● **INFORMATION SHOWN**
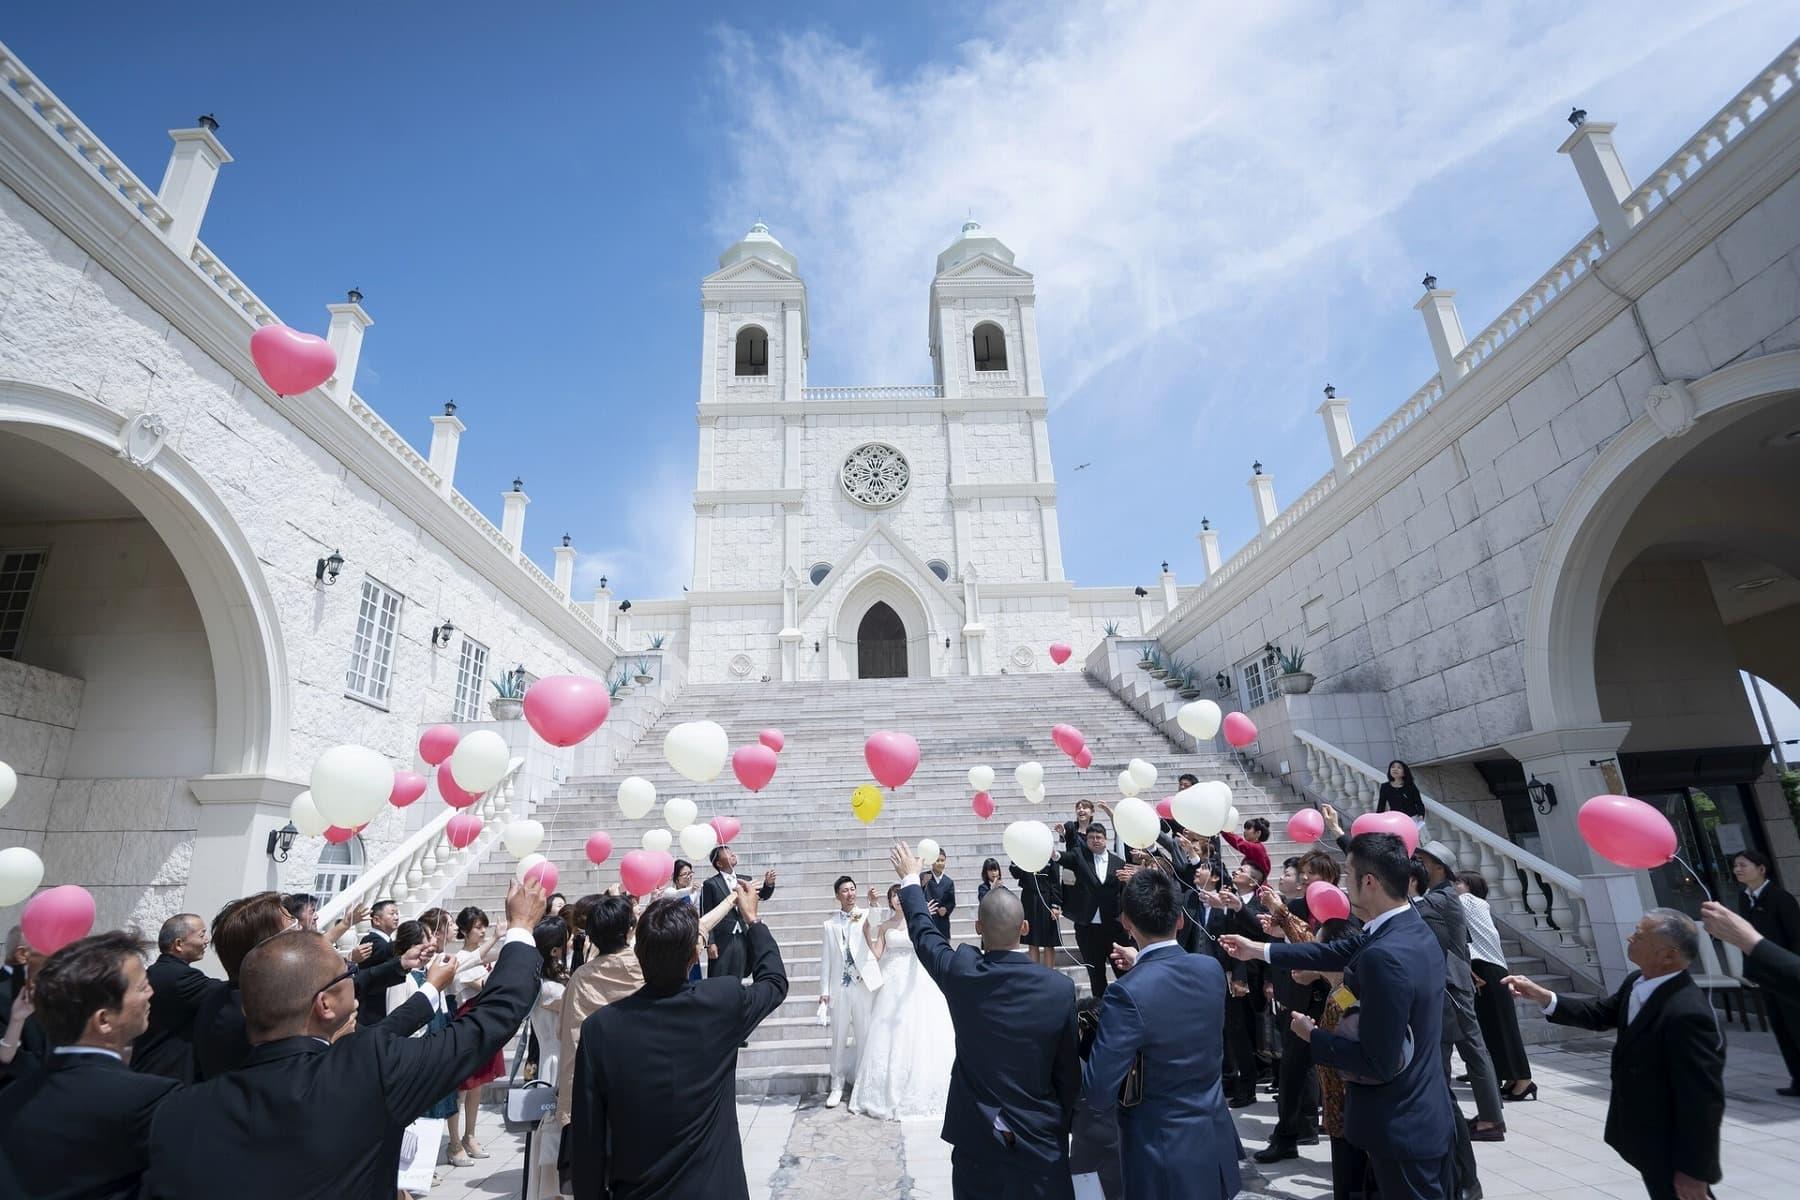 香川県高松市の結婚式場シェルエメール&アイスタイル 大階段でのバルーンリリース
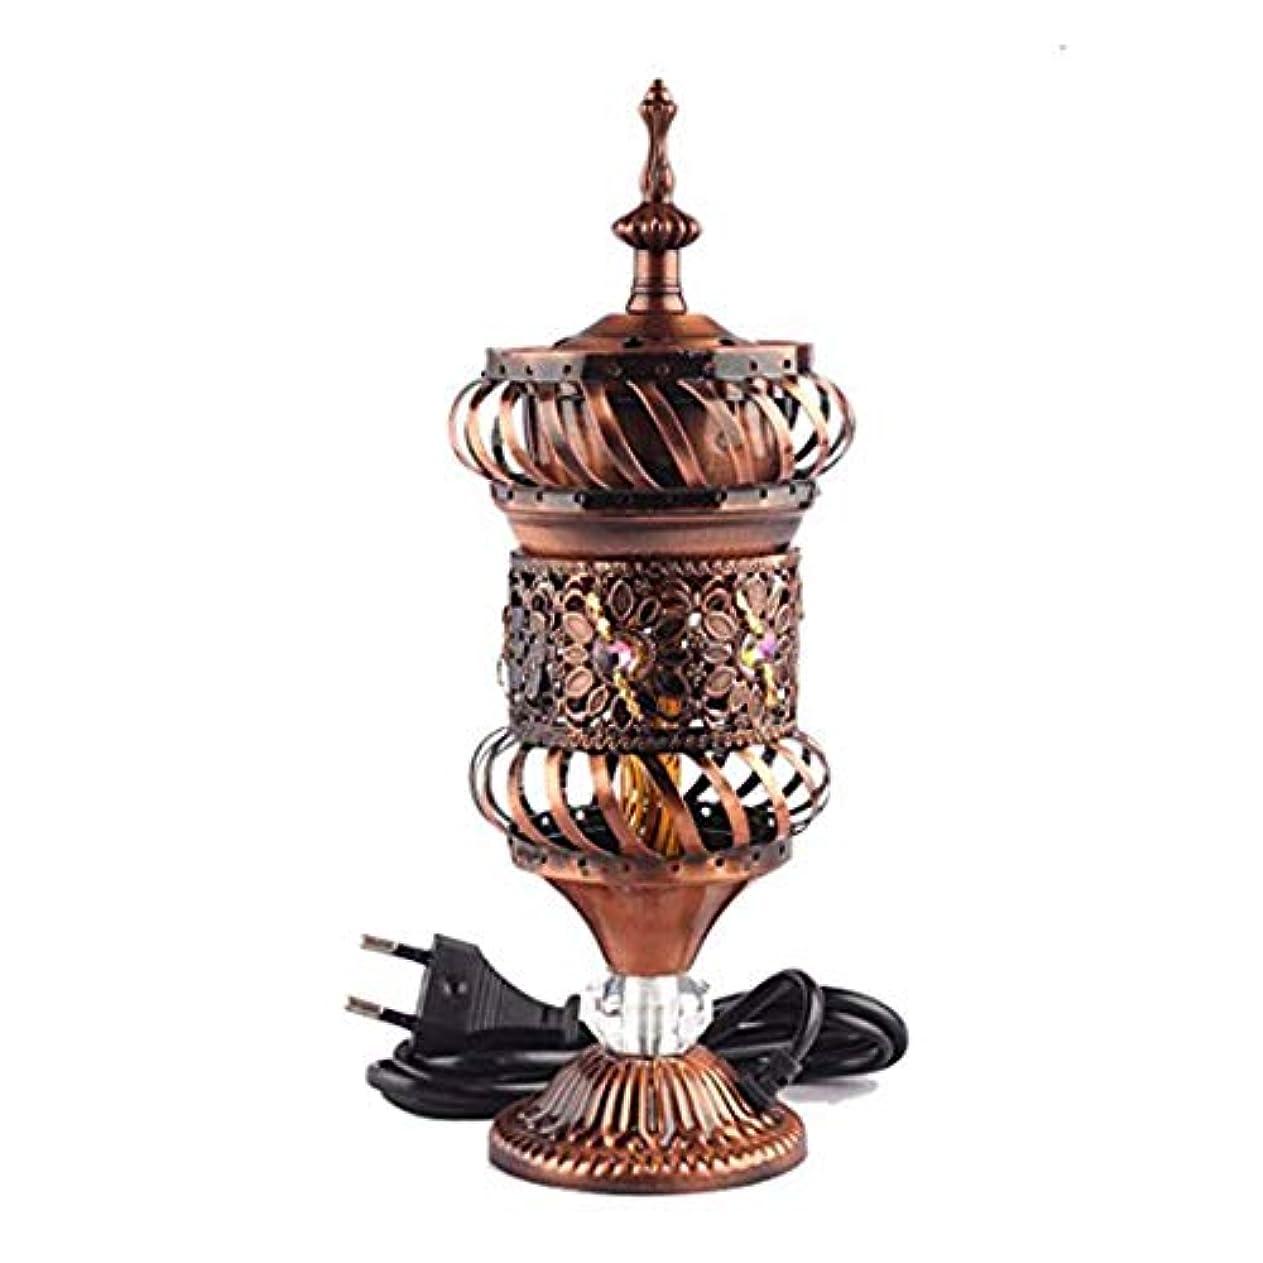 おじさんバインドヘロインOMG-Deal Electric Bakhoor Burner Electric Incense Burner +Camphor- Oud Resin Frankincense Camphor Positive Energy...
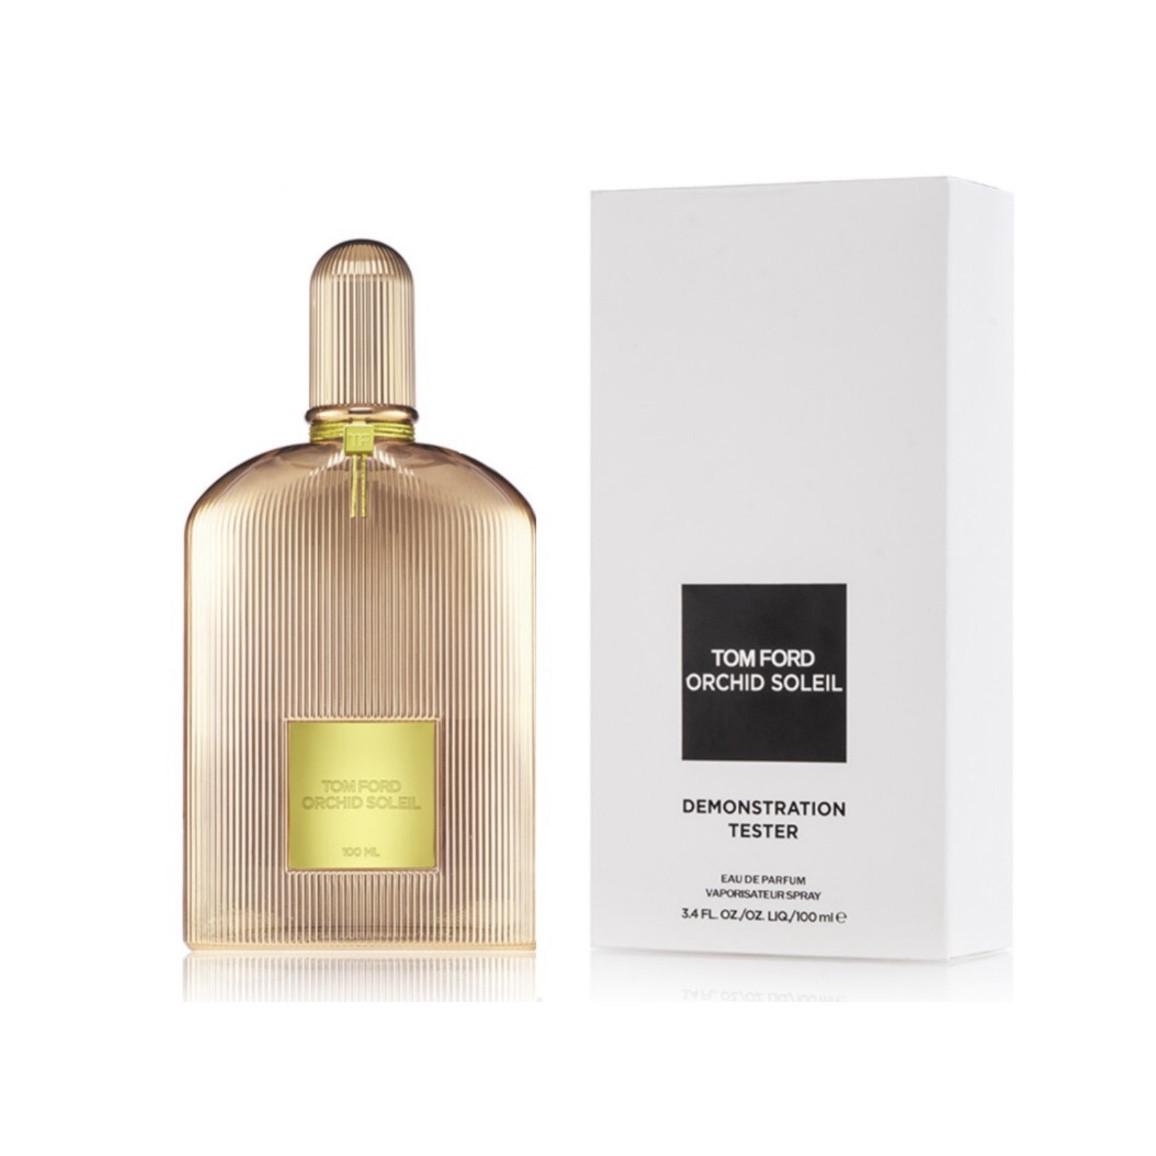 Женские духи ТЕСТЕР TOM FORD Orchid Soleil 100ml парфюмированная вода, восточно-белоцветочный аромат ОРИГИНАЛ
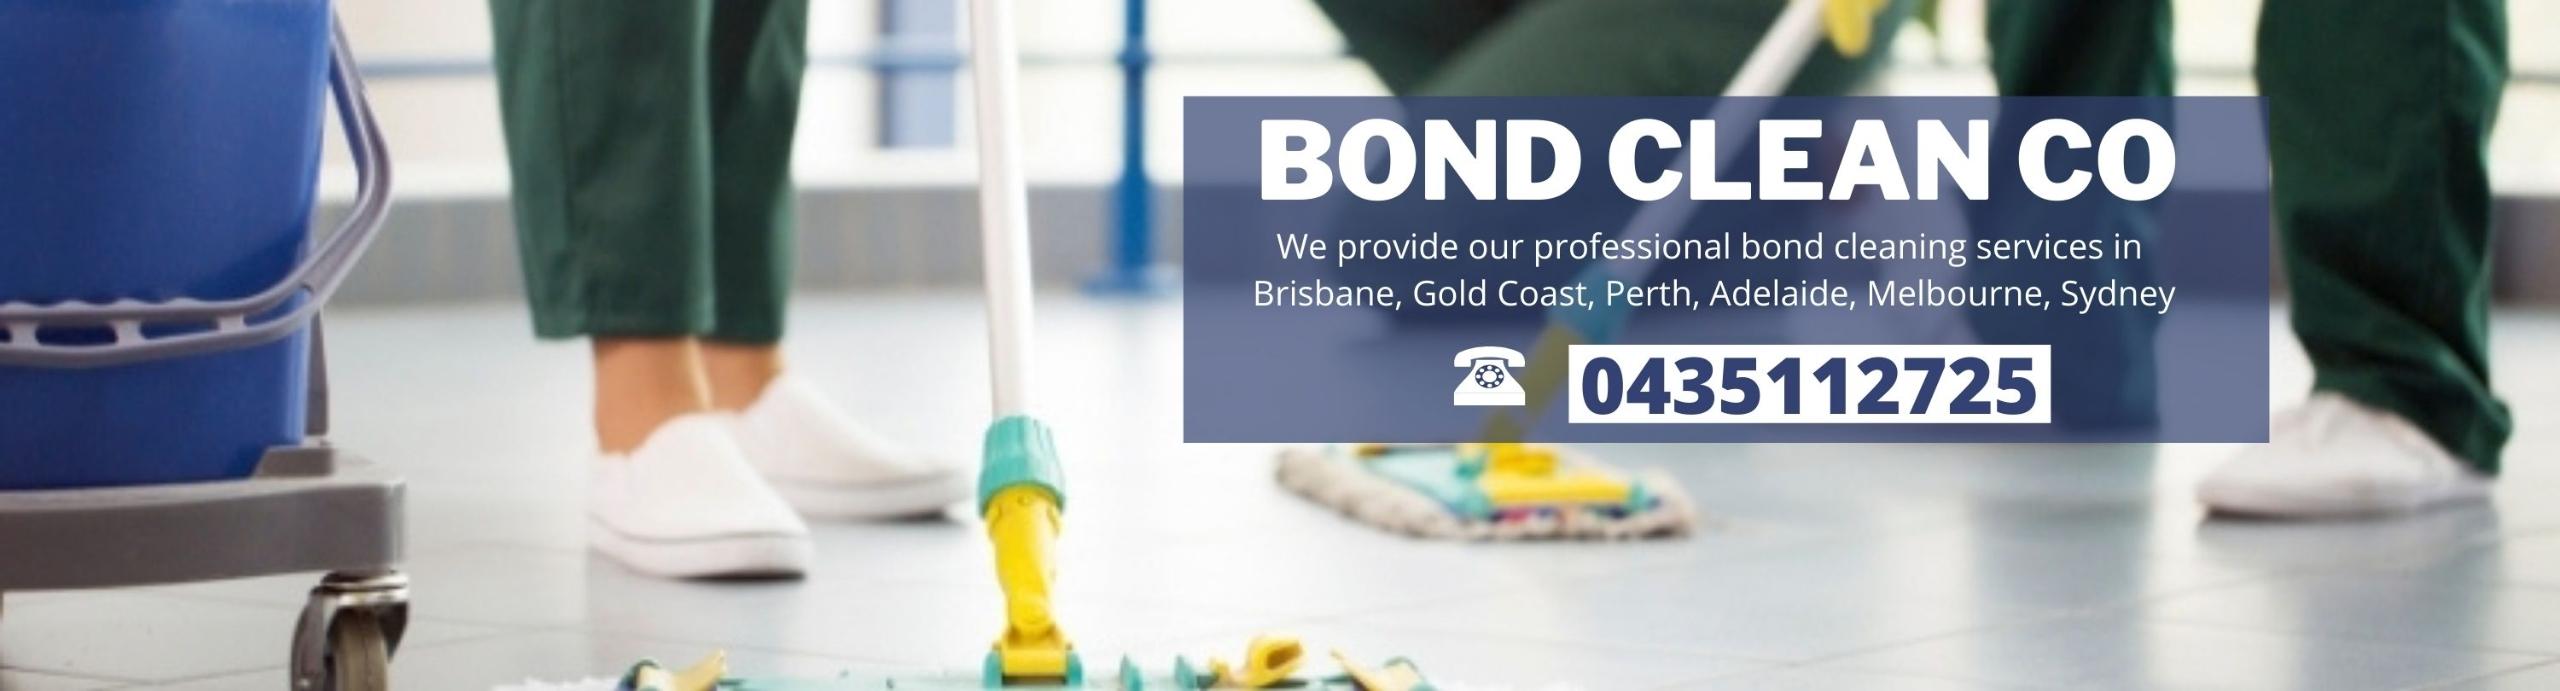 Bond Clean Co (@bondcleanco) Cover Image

● **EXERCISE**
Please copy out each line above exactly as written, but not the pictures.

● **RESPONSE FOR THIS EXERCISE**
 香川県高松市の結婚式場シェルエメール&アイスタイル 大階段でのバルーンリリース
 おじさんバインドヘロインOMG-Deal Electric Bakhoor Burner Electric Incense Burner +Camphor- Oud Resin Frankincense Camphor Positive Energy...
 Женские духи ТЕСТЕР TOM FORD Orchid Soleil 100ml парфюмированная вода, восточно-белоцветочный аромат ОРИГИНАЛ
 Bond Clean Co (@bondcleanco) Cover Image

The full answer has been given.